> What to do
Word for word, restate the lines from the one containing "Sonnenuntergang über historischen" through the last line of the material, and include no pictures.

> Provided data
:::
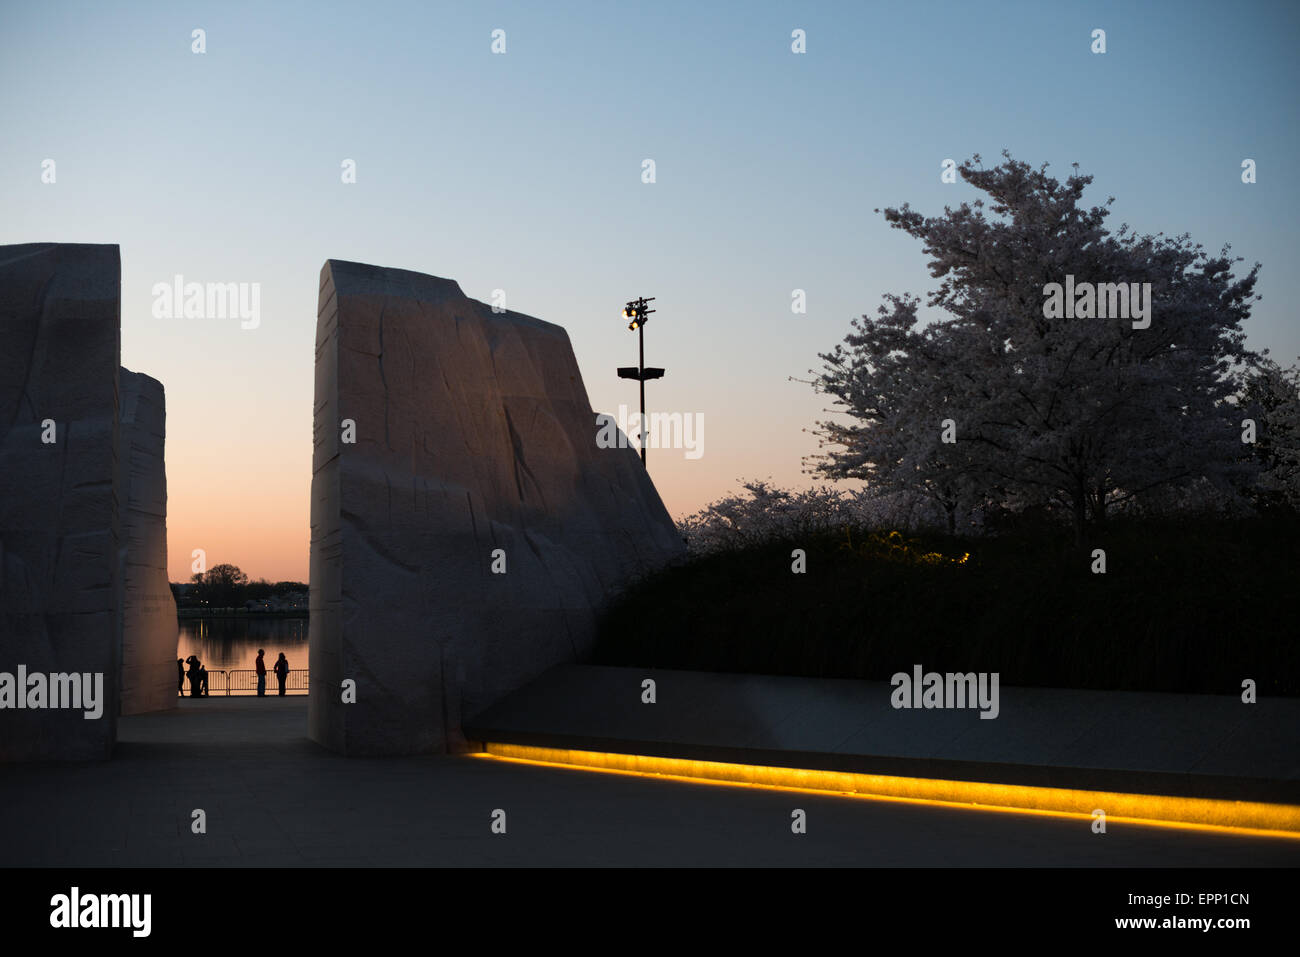 WASHINGTON DC, Etats-Unis - une vue sur le mémorial Martin Luther King avant l'aube, à la recherche, à travers la montagne d'espoir vers l'eau du bassin de marée dans la distance. Ouvert en 2011, le Martin Luther King Jr Memorial se trouve sur les rives de la Tidal Basin à Washington DC et commémore la civil rights leader. Banque D'Images
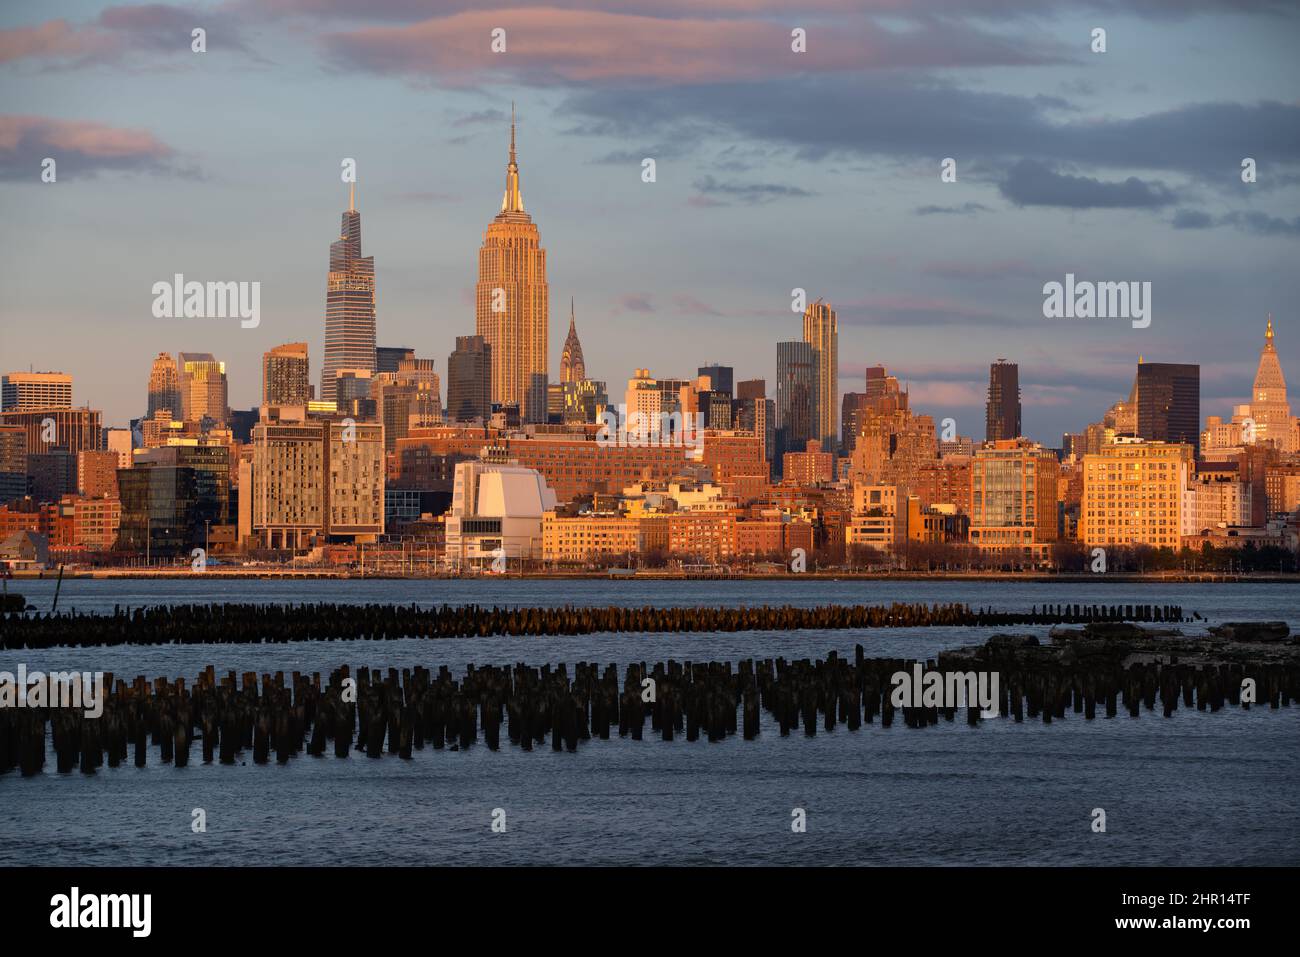 Sonnenuntergang über historischen Wolkenkratzern von Midtown Manhattan. New York City Stadtbild von der anderen Seite des Hudson River Stockfoto
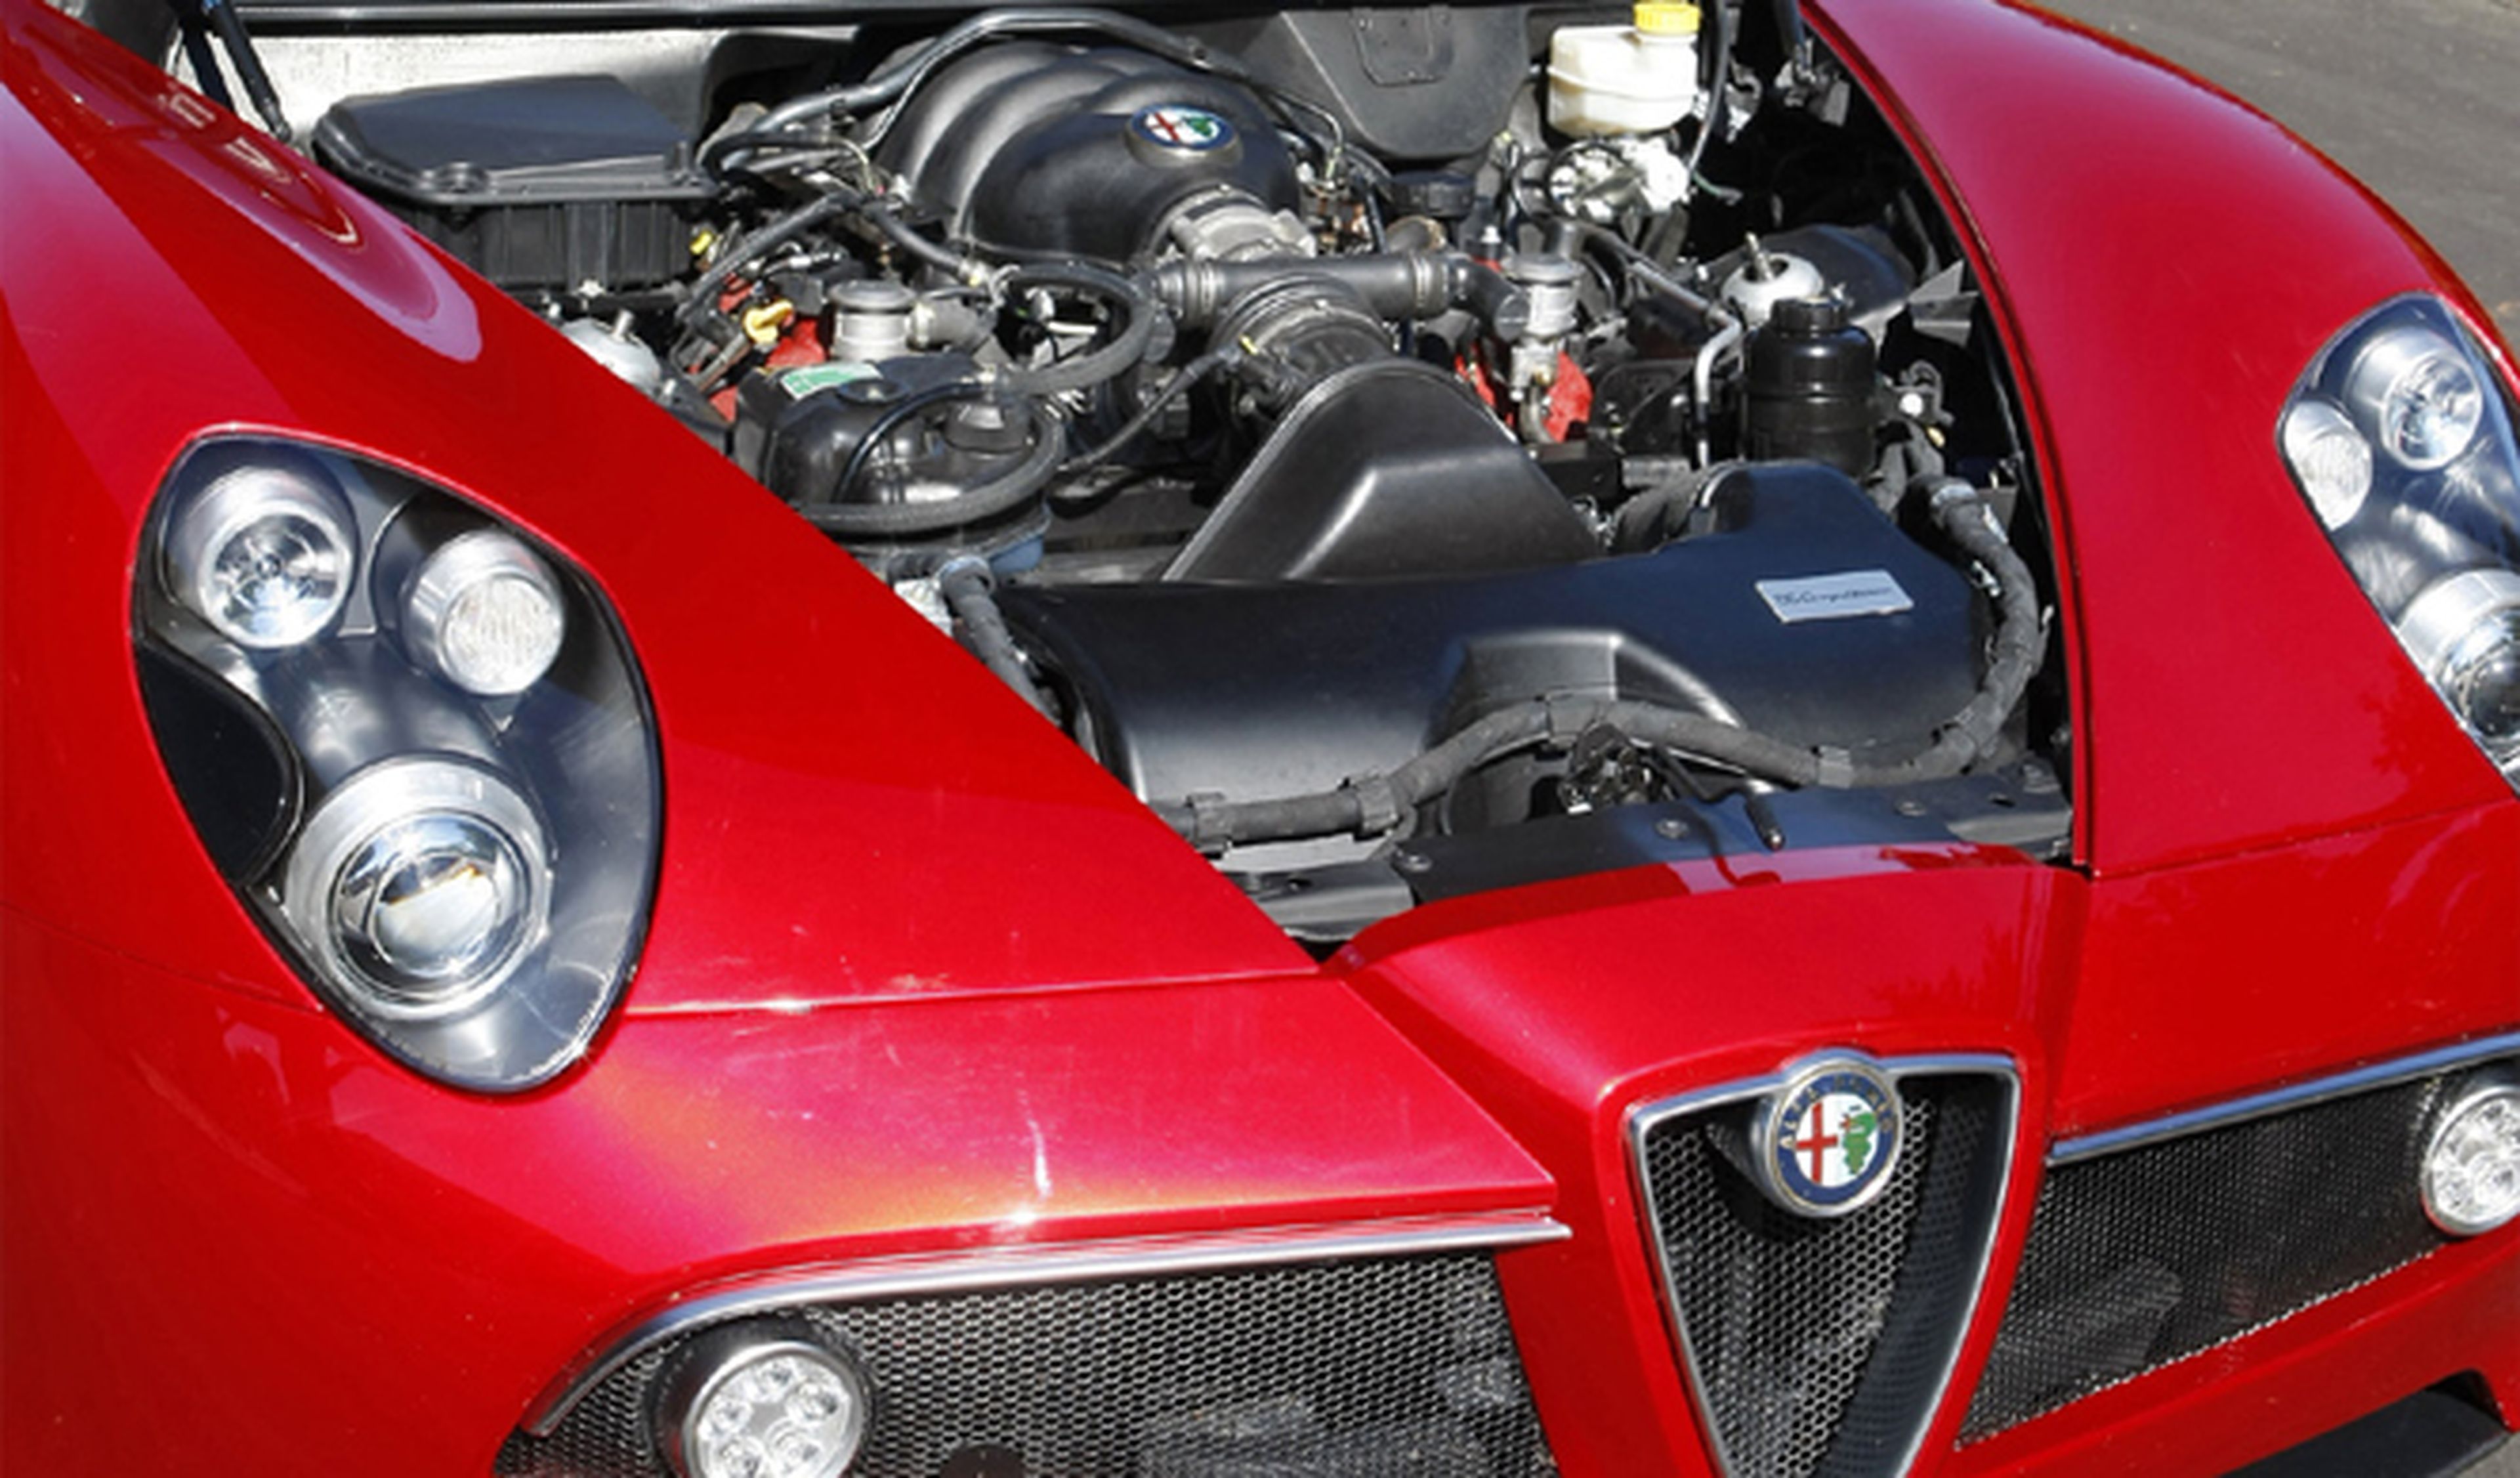 Alfa Romeo prepara dos motores de altas prestaciones
:::
> Exercise result
 Sonnenuntergang über historischen Wolkenkratzern von Midtown Manhattan. New York City Stadtbild von der anderen Seite des Hudson River Stockfoto
 Alfa Romeo prepara dos motores de altas prestaciones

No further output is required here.